4 Implementation and Evaluation

Experiment should be in real production environment, the biggest advantage of this is we can validate the stability. But in order to avoid the experiment cost and in a more controlled environment, we decided to setup a customized test bed, this will cost some effort on system configuration.

In this platform, we used ten physical servers to test and optimize our auto-scaling algorithm. Each physical machine has 12 Intel® Core CPUs, 24 GB RAM and 10G Ethernet, and powered with CentOS7 system. There are two active nodes at initialization phase, one controller and network node, one compute.
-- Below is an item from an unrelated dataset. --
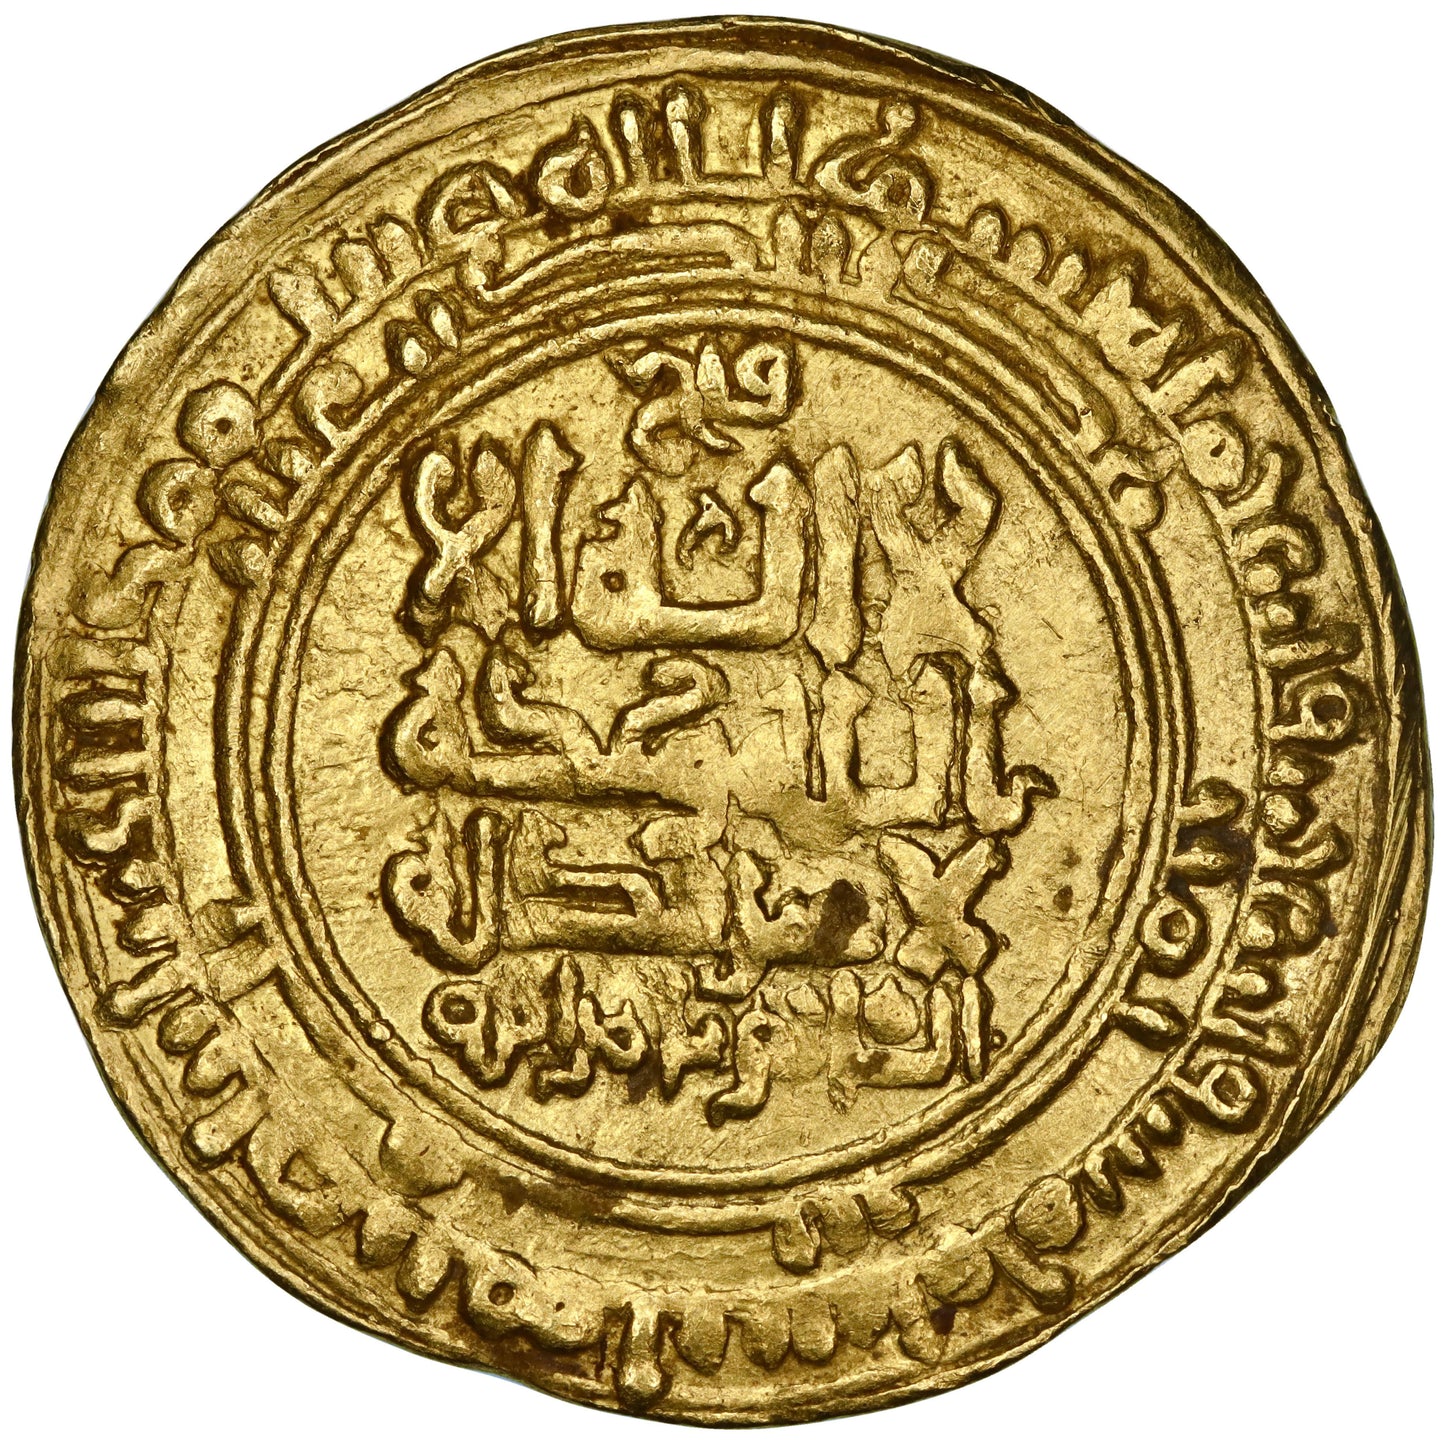 Great Seljuq, Tughril Beg, gold dinar, Isbahan (Isfahan) mint, AH 445, Seljuq emblem, citing Al-Qa'im

In this paper we use Deep Packet Inspection (DPI) as the experimental VNF, for it’s a computation intensive network function and this is a typical bare metal scenario. Figure 4 shows our measuring method, we use a client program to send requests to a flow receiver and measure the response latency difference between closing and opening the DPI firewall [17]. We wrote about 2 thousand lines of code (RScript and Python) for this test bed, including prediction algorithms, auto-scaling control and automation combination logic.

Fig. 4.
figure 4

DPI performance test

We compare the actual performance of multiple scheduling algorithms, assessing the VNF response rate and the number of physical servers used. Three schedule algorithms are chosen as the evaluation benchmarks. The four schedulers prediction-based and with transition state, no-prediction but with transition state, prediction-based but with no transition state, and no-prediction and with no transition state, represent four different scaling strategies are denoted by s1, s2, s3 and s4, respectively.
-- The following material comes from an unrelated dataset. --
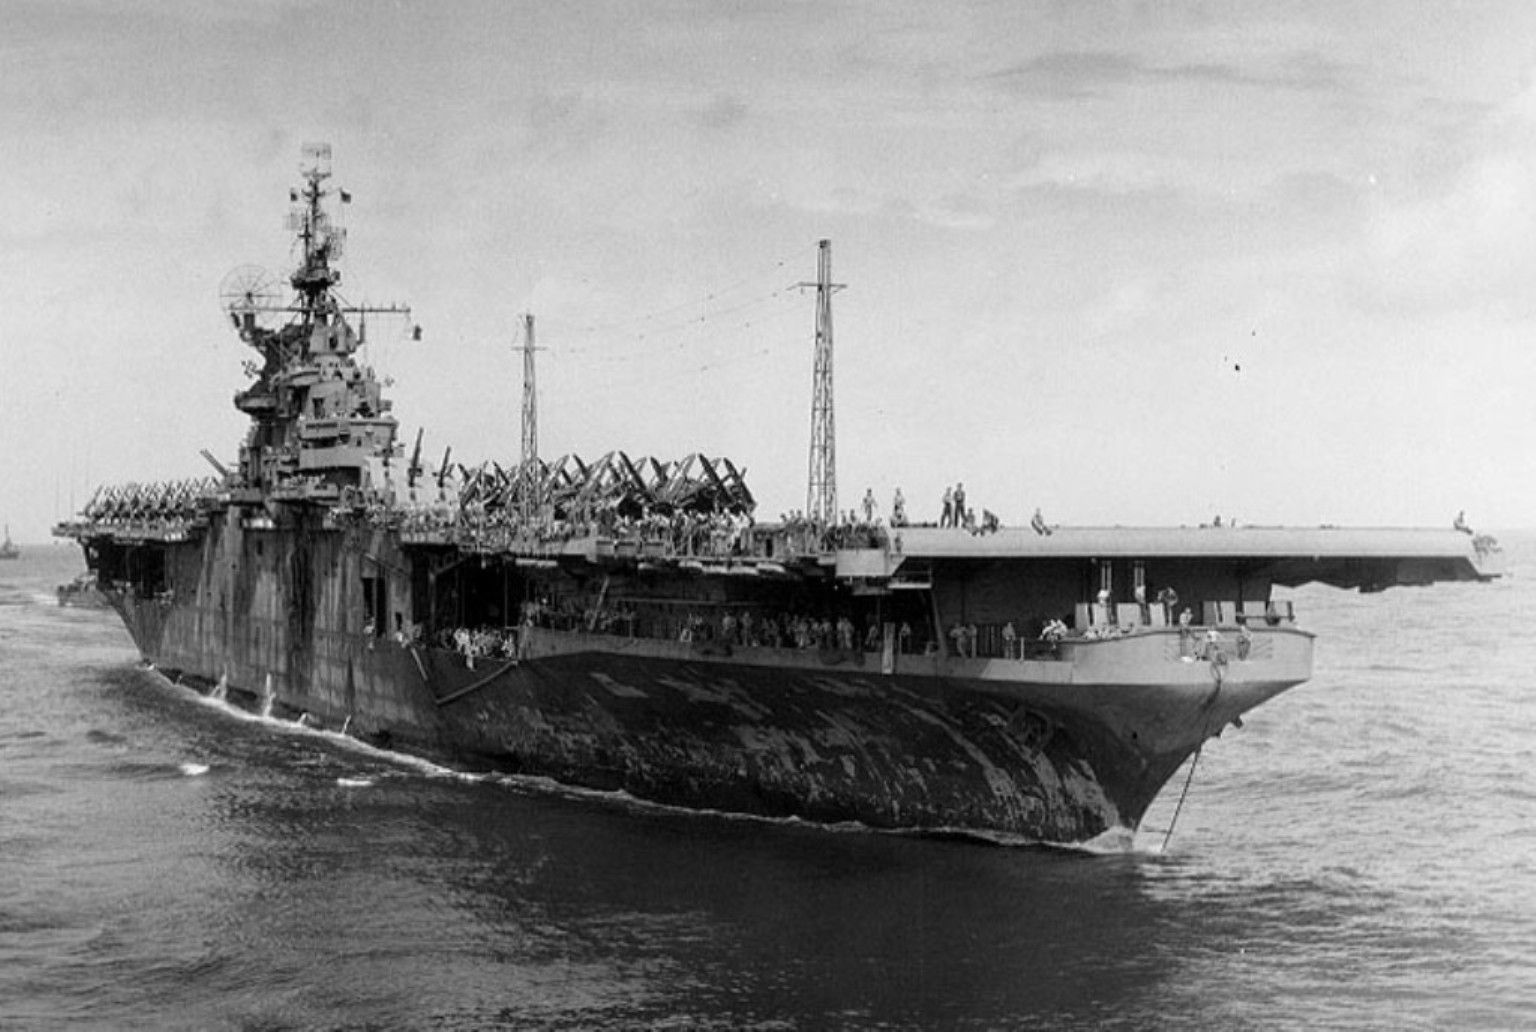 USS Shangri-La (CV-38) in World War II and Vietnam

The performance of these schedulers is evaluated mainly from two perspectives, eager mode and idle mode, which represent two extremes that can highlight our auto-scaling policies. For the sake of statement, here we define the request density from 0 to 1, meaning density increasing.
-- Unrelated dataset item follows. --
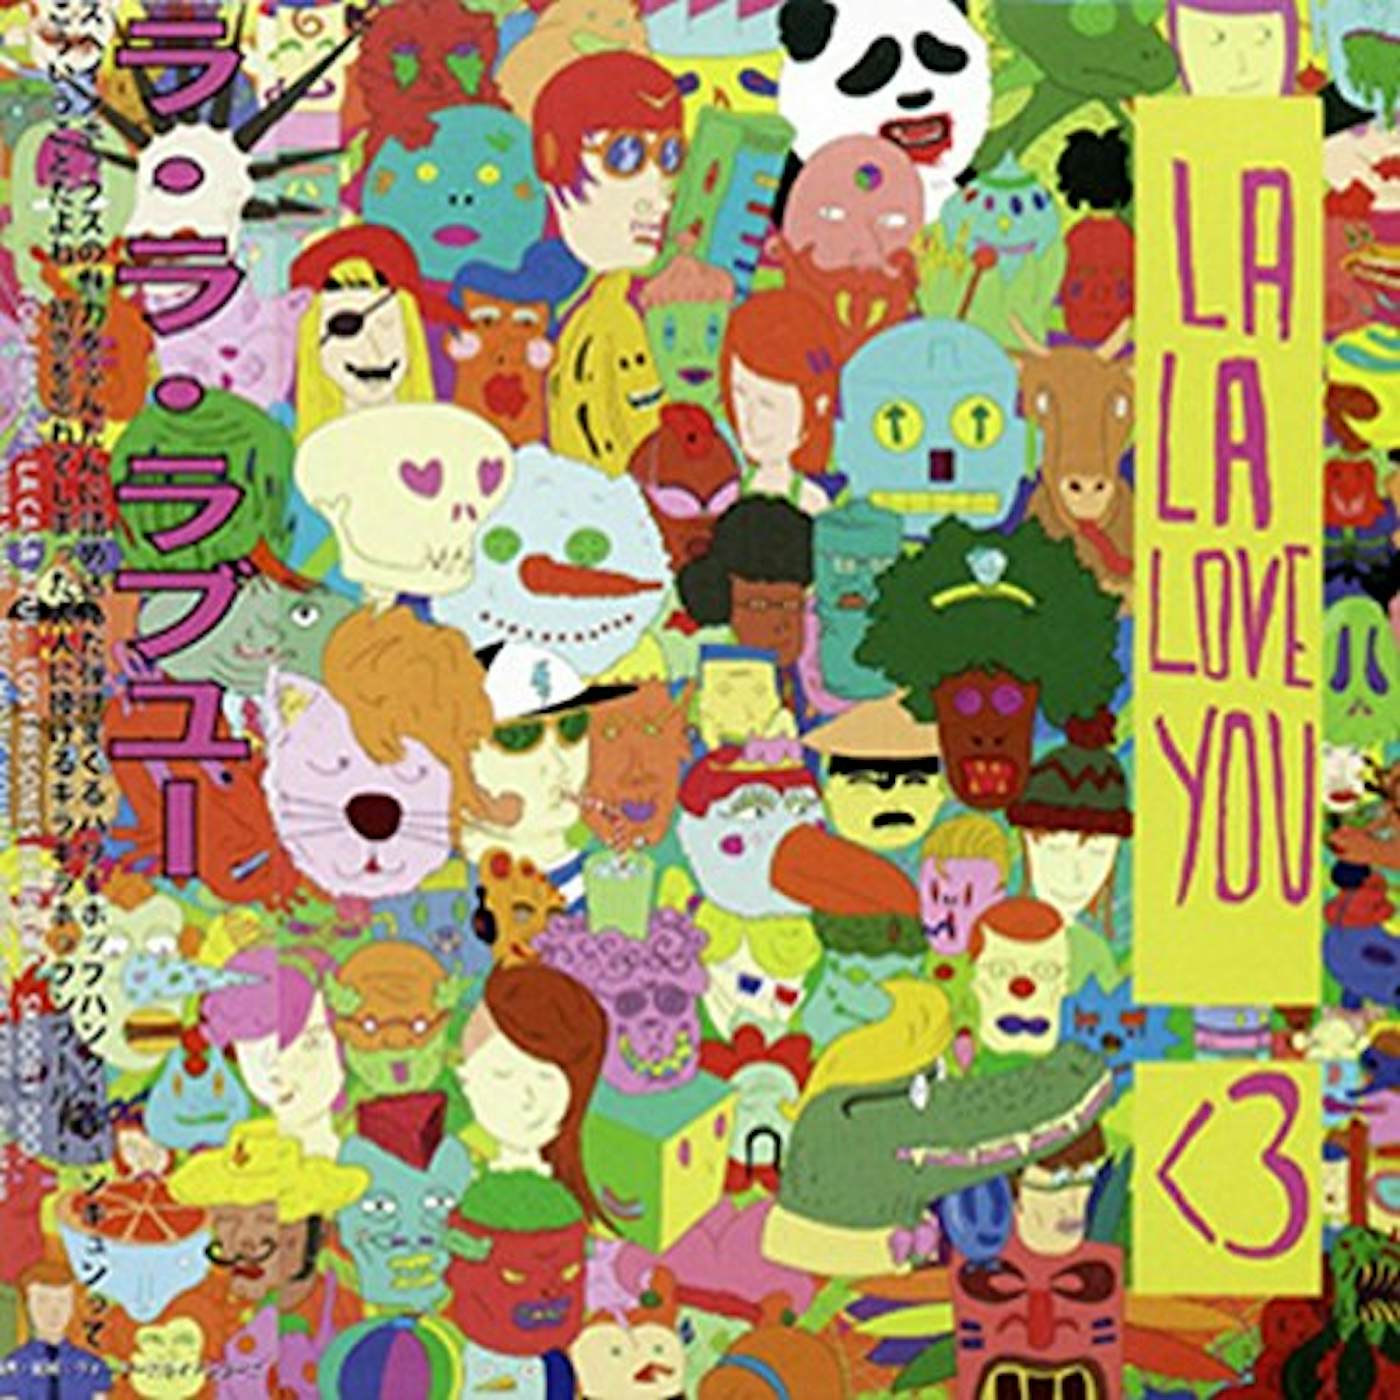 La La Love You < 3 CD

First, we show a more comprehensive perspective (from idle mode to eager mode) in Fig. 5. Each point represents the average workload per processor. We can see that the CPU loads trend of our proposed auto-scaling scheme is more stable and is the case of the smallest fluctuations.

Fig. 5.
figure 5

Average workloads per processor

Figure 6 shows that when bare metal resources are insufficient, requests can be delayed due to the high CPU loads. We can see that s2 and s3 show roughly the same performance. And our strategy is about 18% less than their average delay. As for the no-prediction and no transition state scheduler, our strategy is about 29% less than the average delay. The conclusion is our prediction-based auto-scaling scheme can improve the quality of service VNF under eager mode.

Fig. 6.
figure 6

Average VNF latency for eager mode (ms)

Figure 7 shows that when the bare metal resources are sufficient, power resources may be wasted, due to the adjustment is not timely. We can see that s2 and s3 generally use the same number of servers, about wasted 16% processor resources than our scheduler. Moreover, the no prediction and no transition state scheduler wasted about 21% of the power resources than ours. The conclusion is our prediction-based auto-scaling scheme can reduce power waste under idle mode.

Fig. 7.
figure 7

Average server counts for idle mode

5 Conclusion

In this paper, we presented a bare metal auto scaling mechanism based on NFV system. This mechanism uses a method of forecasting and pre-allocating physical resources, to make VNFs scale in and scale out more smoothly. Compared with traditional way of relying more on human operations, it provides better QoS. Our work on bare metal auto-scaling may provide an idea for the NFV platform maintenance, with more intelligent, green, tight performance. Using this method, we believe that we opened a door for bare metal auto-scaling to obtain significant improvements in both cost and execution time. As the future work we intend to extend the prediction algorithm optimization, there is still great room for improvement. And we also want to study on the auto-scaling supporting both virtual machine and physical hosts, in a hybrid mode. This may be a more normal scenario in practice. In the future, the NFV resource scaling may can be optimized by the popular machine learning mechanisms [18,19,20,21].